Britain calls Iran elections flawed

British Foreign Secretary Jack Straw has said Iran’s elections are ‘flawed’, after religious conservatives trounced depleted reformists on a low turnout.

Iranian conservatives are now disputing the turnout figures

“It’s plain for everybody to see that these were from the start flawed elections in which at least half the constituencies, reformist candidates were not on offer to the electorate,” he told reporters on Monday. 

“And by all accounts, the turnout is down by 25 percentage points from its level when there were free elections in 1997,” Straw said as he arrived in Brussels for a meeting of EU foreign ministers. 

The elections produced the expected large majority for supporters of the hardline Islamic regime, but many reformists had called for a voter boycott and hoped for a weak turnout to discredit the result.

Meanwhile, the conservative Guardians Council in Iran on Monday accused the reformist-dominated interior ministry of “playing with figures” to lower the politically sensitive turnout rate in the elections.

“It’s plain for everybody to see that these were from the start flawed elections.
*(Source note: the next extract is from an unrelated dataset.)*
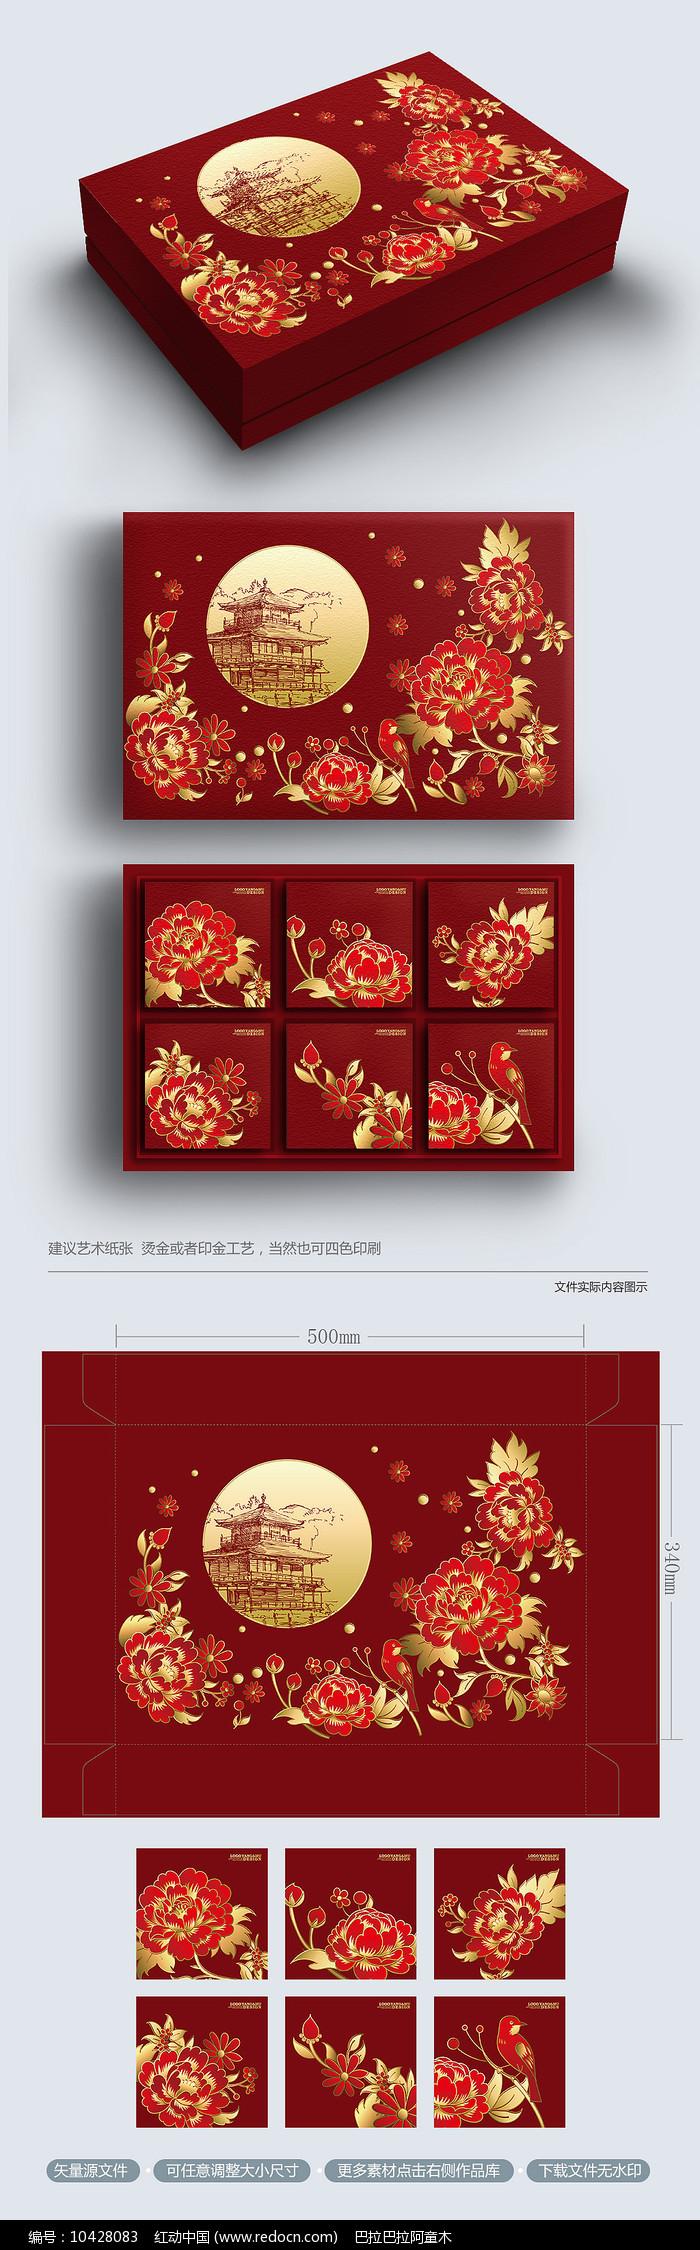 古典高档中秋花好月圆月饼礼盒包装图片

In at least half the constituencies, reformist candidates were not on offer to the electorate.”

Jack Straw,
British Foreign Secretary

The council disputed the official 50.57% turnout rate given for Friday’s polls, the lowest for a major election on the 25-year history of the Islamic republic, and claimed that the real figure was closer to 60%. 

The Guardians Council said in a statement on its website the interior ministry, controlled by pro-reform officials, “did everything possible to dissuade” Iranians from voting.

“Now they are resorting to playing with figures,” said the council, a pillar of the clerical regime.

The council, an oversight body that had sparked the anger of reformists by disqualifying most of their candidates in advance, also took issue with the interior ministry’s figure for eligible voters.

It said the ministry put the number of potential voters over the age of 15 at about 46.3 million for this year’s poll, whereas the size electorate for last year’s local election was 40.5 million. 

“This would mean that in 1989, some 5,849,249 people were born, and none of those who were born in that year died,” the council said.